In conclusion I do recognise that photography is a very broad church and to define it too simply does run the risk that a number of genres and styles could be excluded. In its very simple form I come back to the fact photography means drawing with light and therefore it is the creation and recording of a moment that has been exposed to light. Whether this image has been created by a chemical reaction to light sensitive paper or the change of colour to pixels on a sensor a photograph is a devise or platform for it to be viewed. The majority of my work is currently stored on my computer and floats around various social media sites with very little physical evidence of its existence. As my practice evolves I am sure more of my work may be printed off and framed but for now I would say photography for me is wrapped up in emotions. This will be from the excitement of taking the image, through to the reaction and memory that I and the viewer get when it is seen.

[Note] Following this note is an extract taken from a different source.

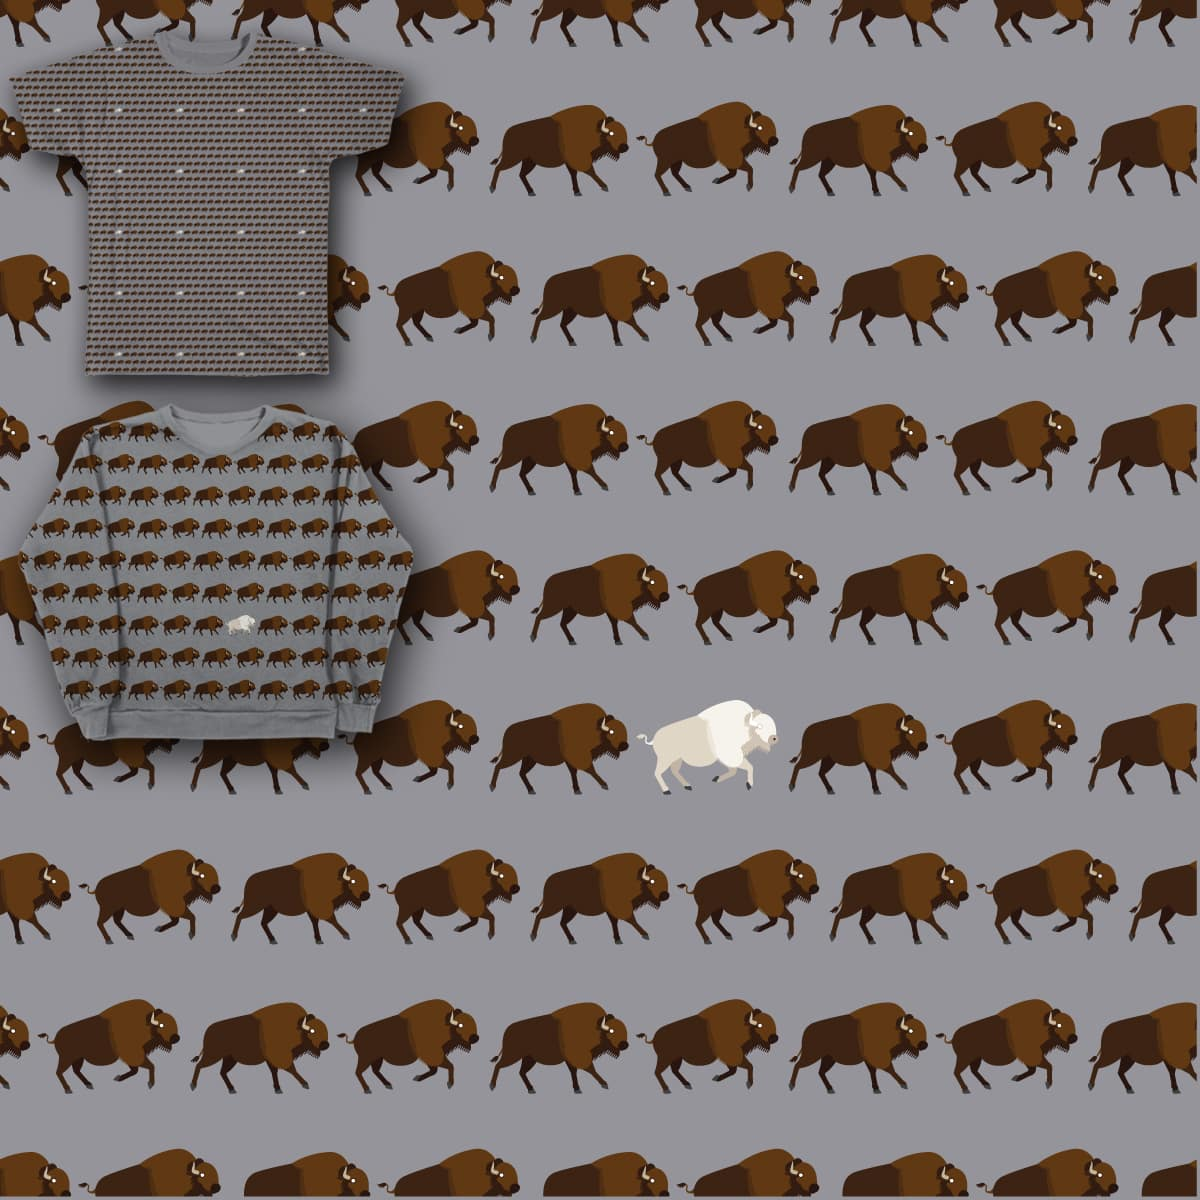 Tatanka Ska by Rubbishdesigner on Threadless

My photographic practice continues to develop and as my body of work builds up so I can see a Fine Art element starting to emerge more and more. I have previously spoken about the beauty in images and creating the wow factor and this comes back to the development of an aesthetic in my work. In addition to my initial research project I have now developed a further fourteen images that are the foundations for this module. Due to current lockdown limitations my only current outlet for the presentation of these images is via my social media and website. However further images are taken I intend to create a video gallery to increase awareness and context of this as a body of work rather than as standalone images.


1) Stephen Shore - Beverly Boulevard and La Brea Avenue, Los Angeles, California, June 21, 1975, 1975

2) Steve Rabone - Collide 2021

3) Steve Rabone - The Edge 2021


Szarkowski, J. and New, A. (2009). The photographer’s eye.

Shore, S. (2007). The nature of photographs. London: Phaidon.

What Is a Photograph (2016). What Is a Photograph? [online] International Center of Photography. Available at:

Richard Avedon and Nicole Wisnik, “An Interview with Richard Avedon,” Egoiste, September 1984

Henri Cartier-Bresson, Whose “Decisive Moment” Shaped Modern Photography. (2019). The New York Times. [online] Available at:

Shore, S. (2018). Stephen Shore | HOW TO SEE the photographer with Stephen Shore. [online] YouTube. Available at: [Accessed 28 Jan. 2021].

Barthes, R. (1988). Camera lucida : reflections on photography. New York: The Noonday Press. (n.d.). “Sleeping by the Mississippi”, An Interview with Alec Soth. [online] Available at: [Accessed 28 Jan. 2021].

EXP. 21. (n.d.). What? [online] Available at: [Accessed 28 Jan. 2021].